I encounter the following integral, where $F^{-1}(u)$ is the quantile function for $\mathcal{N}(0,1)$ distribution: for $k \in\mathbb{N}$:
$$\int\limits_{1/2}^1 F^{-1}(u) u^k(1-u)^k\,\mathrm{d}u$$
Could this be simplified to some easier form as a function of $k$? Or if this could not be derived to an explicit form, as $k\rightarrow\infty$, the integrand becoming small, could we say something about its decreasing order in terms of $k$.
If $$F^{-1}(u)=\sqrt{2}\, \text{erf}^{-1}(2 u-1)$$ $$I(k)=\int\limits_{\frac12}^1 F^{-1}(u) u^k(1-u)^k\,du$$ does not show any analytical form.

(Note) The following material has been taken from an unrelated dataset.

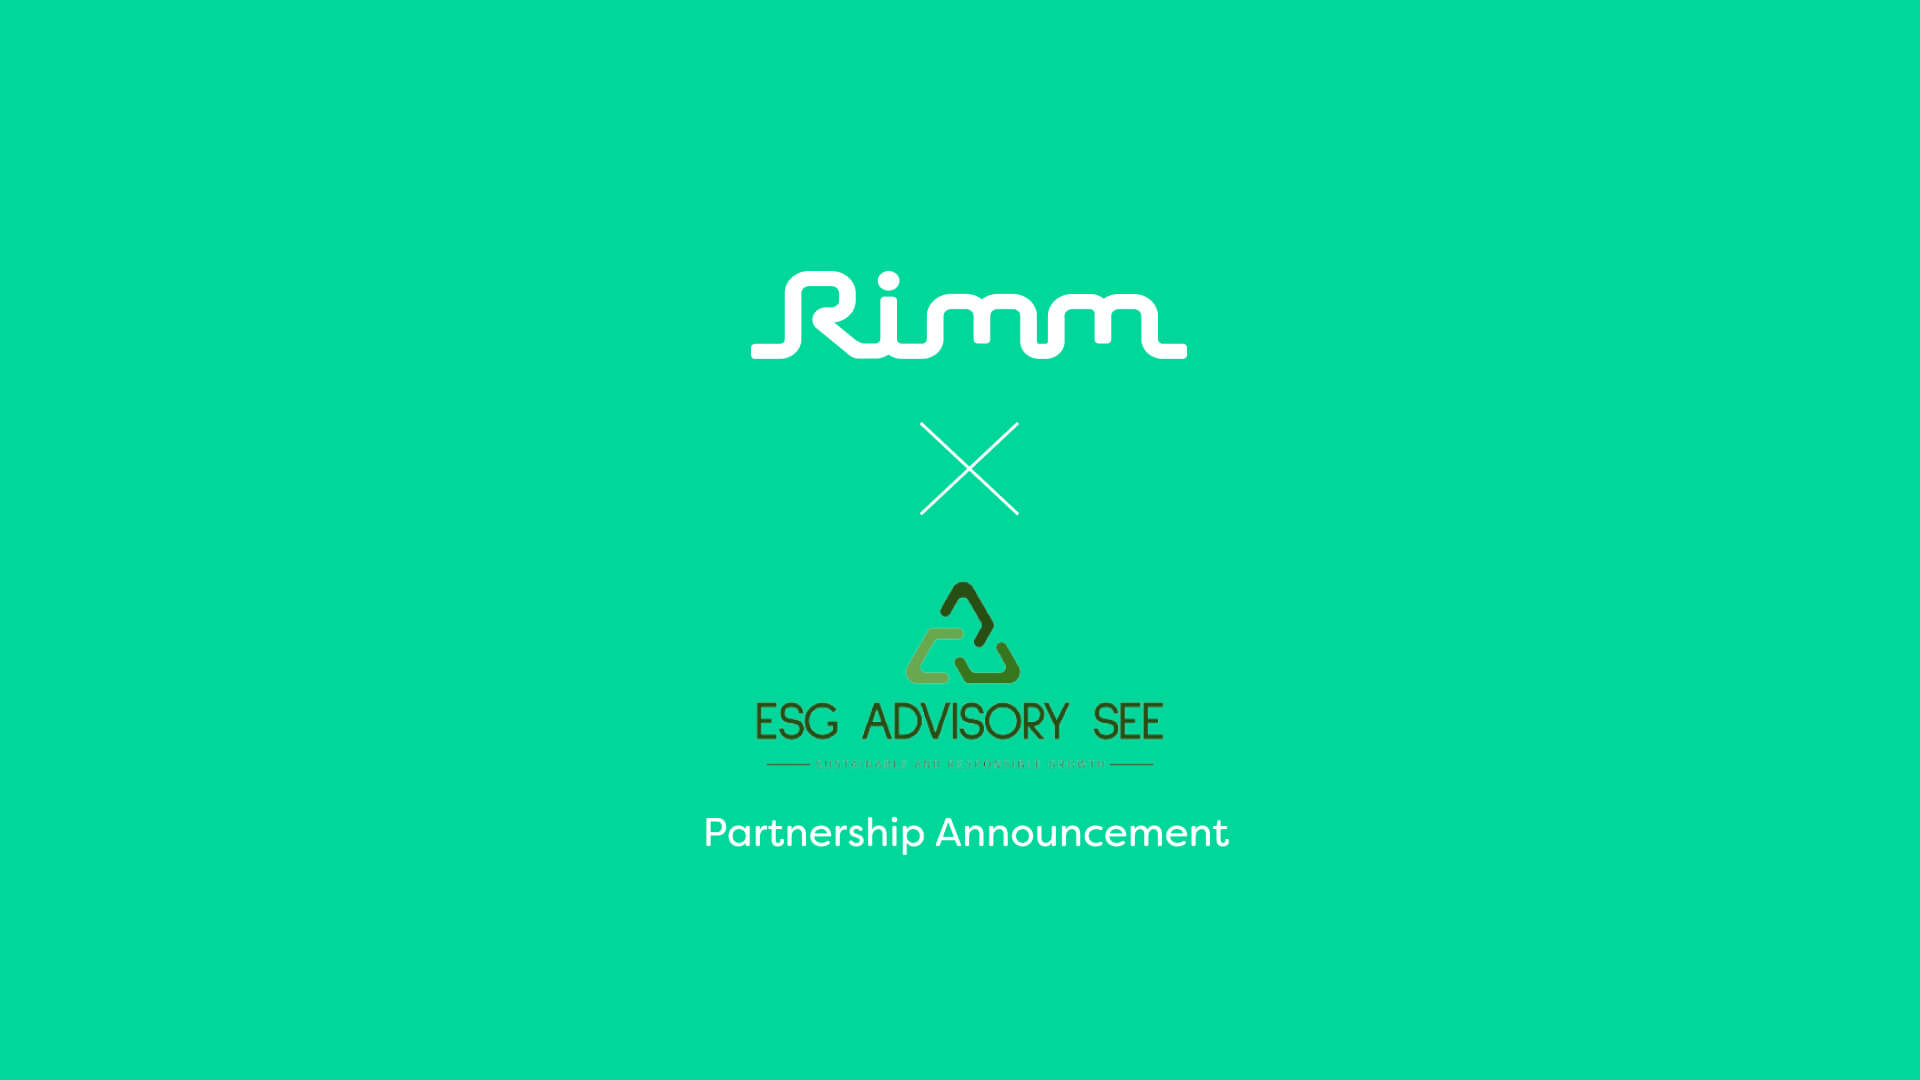 Rimm and ESG Advisory SEE Partnership Announcement
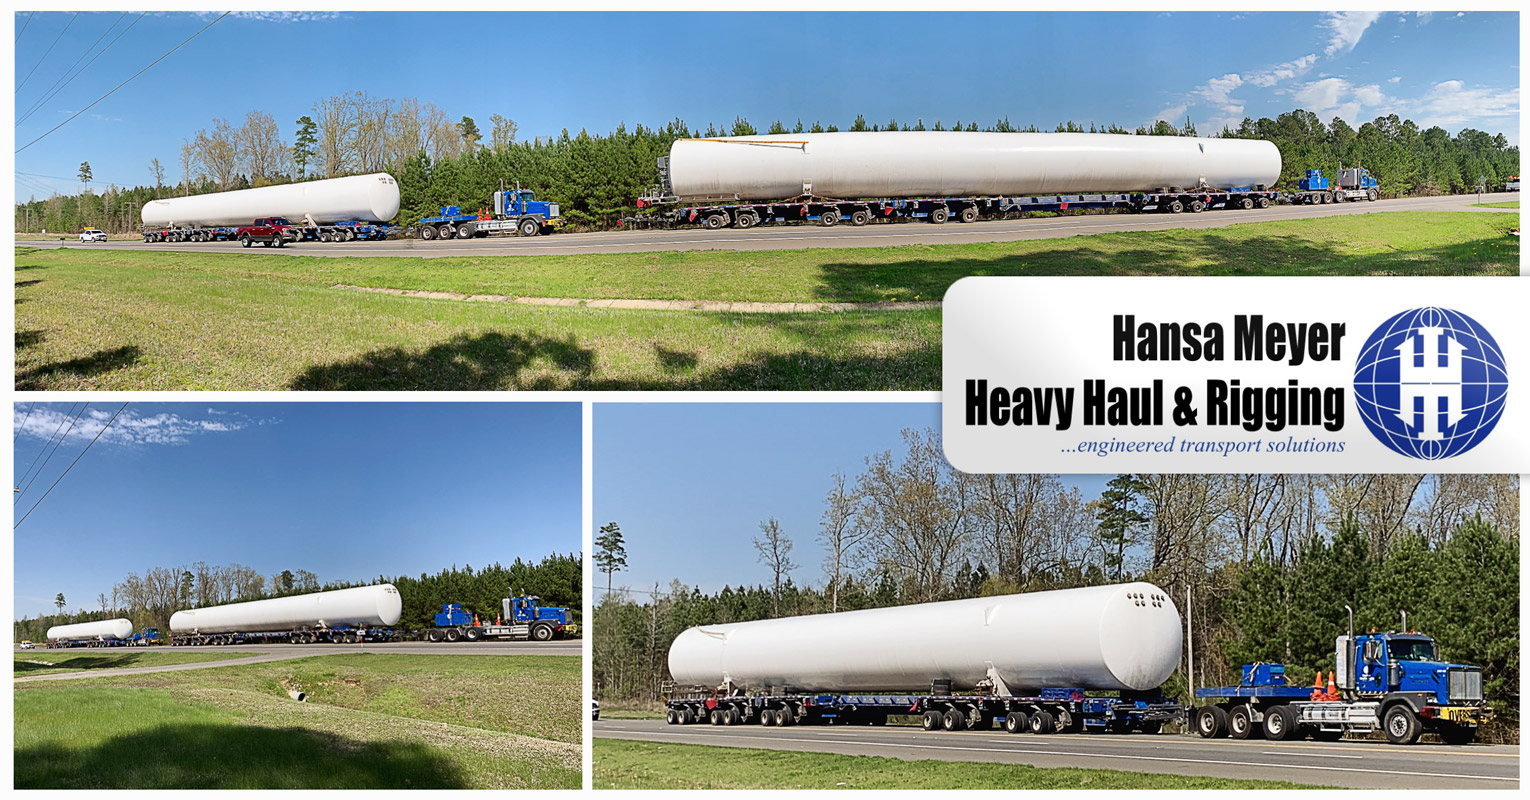 Hansa Meyer Transported 189'L x 18'W x 17'-5"H Tanks in Tandem from the Midwest to Florida

Computing it and making a quick and dirty linear regression $$\log\big[I(k)\big]=a+ b\,k$$ for $0 \leq k \leq 50$ gives with $R^2=0.999919$ $$\begin{array}{clclclclc} \text{} & \text{Estimate} & \text{Standard Error} & \text{Confidence Interval} \\ a & -2.72809 & 0.11301 & \{-2.95532,-2.50086\} \\ b & -1.44222 & 0.00389 & \{-1.45005,-1.43439\} \\ \end{array}$$
Edit
One thing we can try is to let $u=\frac {x+1} 2$ to make $$I(k)=2^{-2 k-\frac{1}{2}}\int_0^1 \text{erf}^{-1}(x) \left(1-x^2\right)^k\,dx$$ and use the series expansion $$\text{erf}^{-1}(x)=\sum_{n=0}^\infty \frac{c_n}{2 n+1} \Big[\sqrt{\frac{\pi }{2}} x\Big]^{2n+1}$$ where $$c_0=1 \quad \text{and}\quad c_n=\sum _{m=0}^{n-1} \frac{c_m \,c_{n-m-1}}{(m+1) (2 m+1)}$$ $$I(k)=2^{-2 k-\frac{1}{2}}\sum_{n=0}^\infty \frac{2^{-n-\frac{3}{2}} \pi ^{n+\frac{1}{2}} \Gamma (2 k+1) \Gamma (n+1)}{(2 n+1) \Gamma (2 k+n+2)}c_n$$ Using a few terms, the asymptotics is $$I(k)=\frac{\sqrt{\pi } }{k}\,2^{-2 k-\frac{5}{2}}\exp\Big[-\frac{12-\pi }{12 k} \Big]$$
For $k=5$, this gives $I_5=0.00005280$ while numerical integration gives $0.00005326$.